I have decent/ok machine with core i7 (8 cores), 32G of RAM and Nvidia geForce GTX 1080i and running Matlab 2018b. At the moment I am a bit confuse about how to use these resources in best way to run my Monte-Carlo simulation code. The two questions I have now:
1- How can I make all the heavy computaion to be run on the GPU alonside parallel compution capability of Matlab rather than the CPU and hence I can decide what is best to use? I have read different help topics and the conclusion I think I have got is, the data I have to work with should be in the form of gpuArray Am I right? or do I miss something here?. let us assume that I have the foollowing simple code to be run on GPU :
First_Vector=zeros(2,3);
% First_Vector=zeros(2,3,'gpuArray'); 1
[N,M]=size(First_Vector);
%[N,M]=size(First_Vector,'gpuArray'); 2
Second_Matrix=ones(N,M,2);
%Second_Matrix=ones(N,M,2,'gpuArray'); 3
Tset1= [20 20 20:30 30 30];
%Tset1gpuArray=gpuArray(Tset1); 4
Test2= [50 50 50;60 60 60];
%Tset2=gpuArray(Tset2); 5
K=100;
% the main code
for i=1:3
for j=1:3
[element]=Function1(test(i,j),K)
Test1(i,j)=element;
end
end
Second_Matrix(:,:,1)=Test1;
[Test1]=Function2(Test1,Test2);
% End of the main code
%% Function 1
function[outcome]=Function1(A,K)
outcome=A+K;
end
%%Function 2
function[T1]=Function2(T1,T2)
T1=T1+T2;
end
does the commented lines (1-5) are enough to run the 'main code' on the GPU?

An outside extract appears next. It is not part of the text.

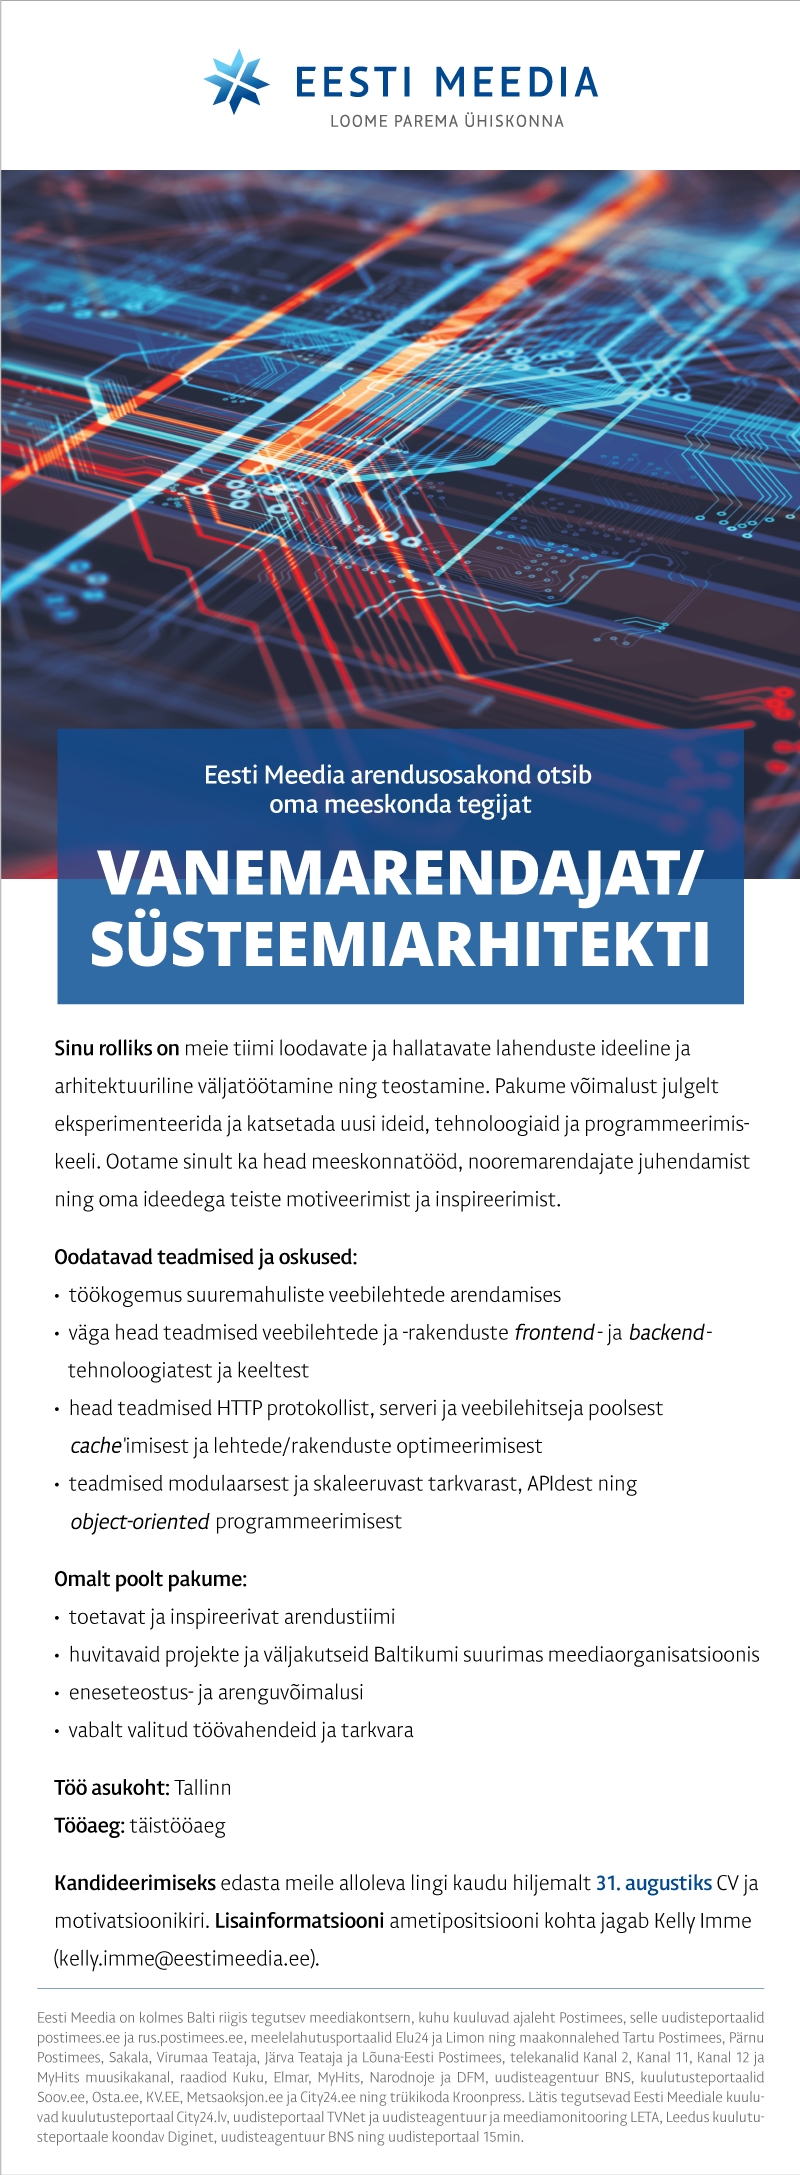 Eesti Meedia Vanemarendaja/süsteemiarhitekt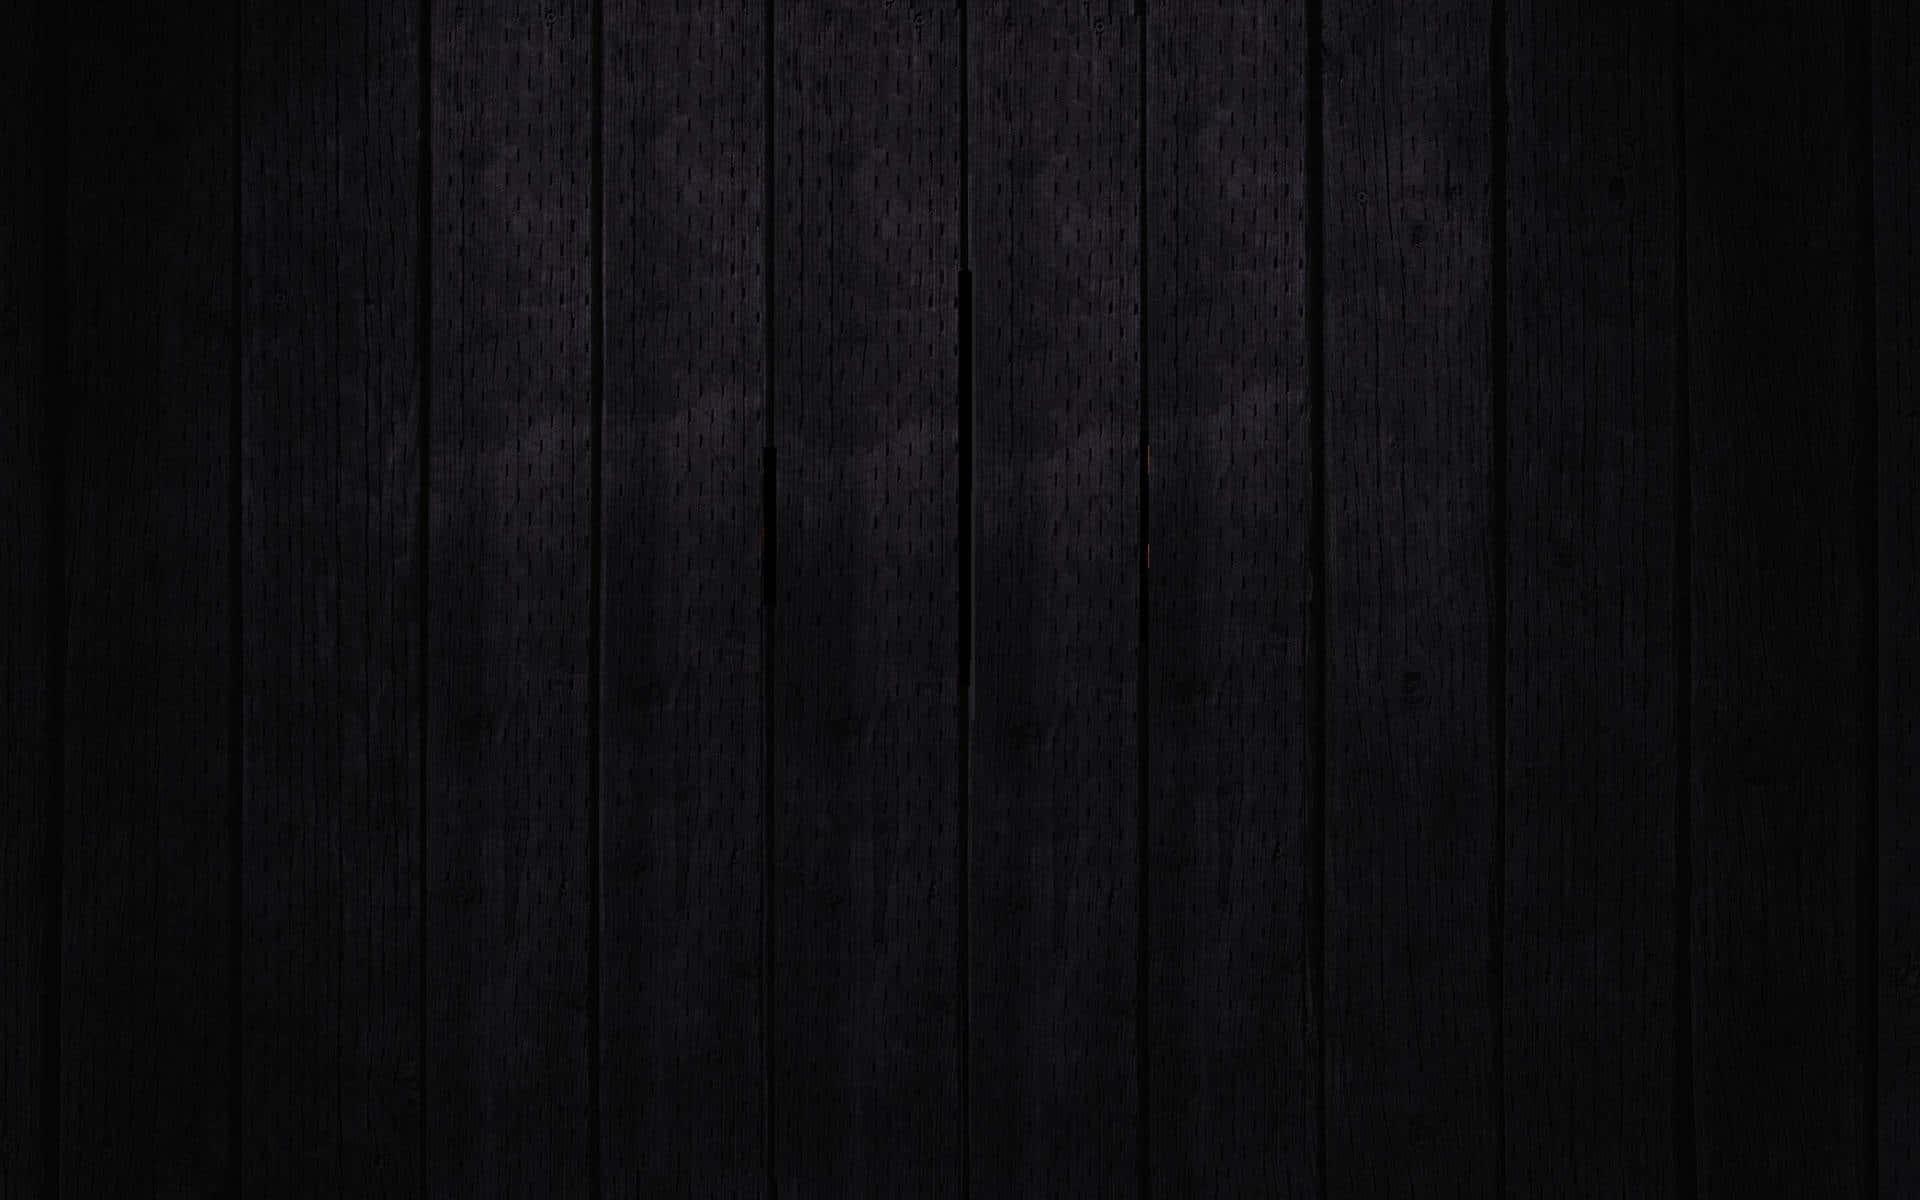 Dark Wooden Planks Texture Background

2- I have tested the following simple code on GPU and CPU, CPU performance was by far better than GPU. is that supposed to be normal ?
thanks in advanced.
G = ones(10,10,'gpuArray');
tic
for k=1:100
for i=1: 1000
for j=1:10
G(j,:)=G(j,:)+2;
end
end
end
toc
G = ones(10,10);
tic
for k=1:100
for i=1: 1000
for j=1:10
G(j,:)=G(j,:)+2;
end
end
end
toc
% Elapsed time is 0.628241 seconds.

Best Answer

I'll try to answer your questions in order...
  1. Yes! Isn't that great?
  2. Yes, because there are two problems with your code: (a) you're using a lot of for loops instead vector operations and (b) you're measuring GPU performance incorrectly. To fix (a), you should read this doc page that explains how to vectorize your code to get the best performance. To fix (b), you should take a look at my answer to a previous question and use the functions timeit and gputimeit.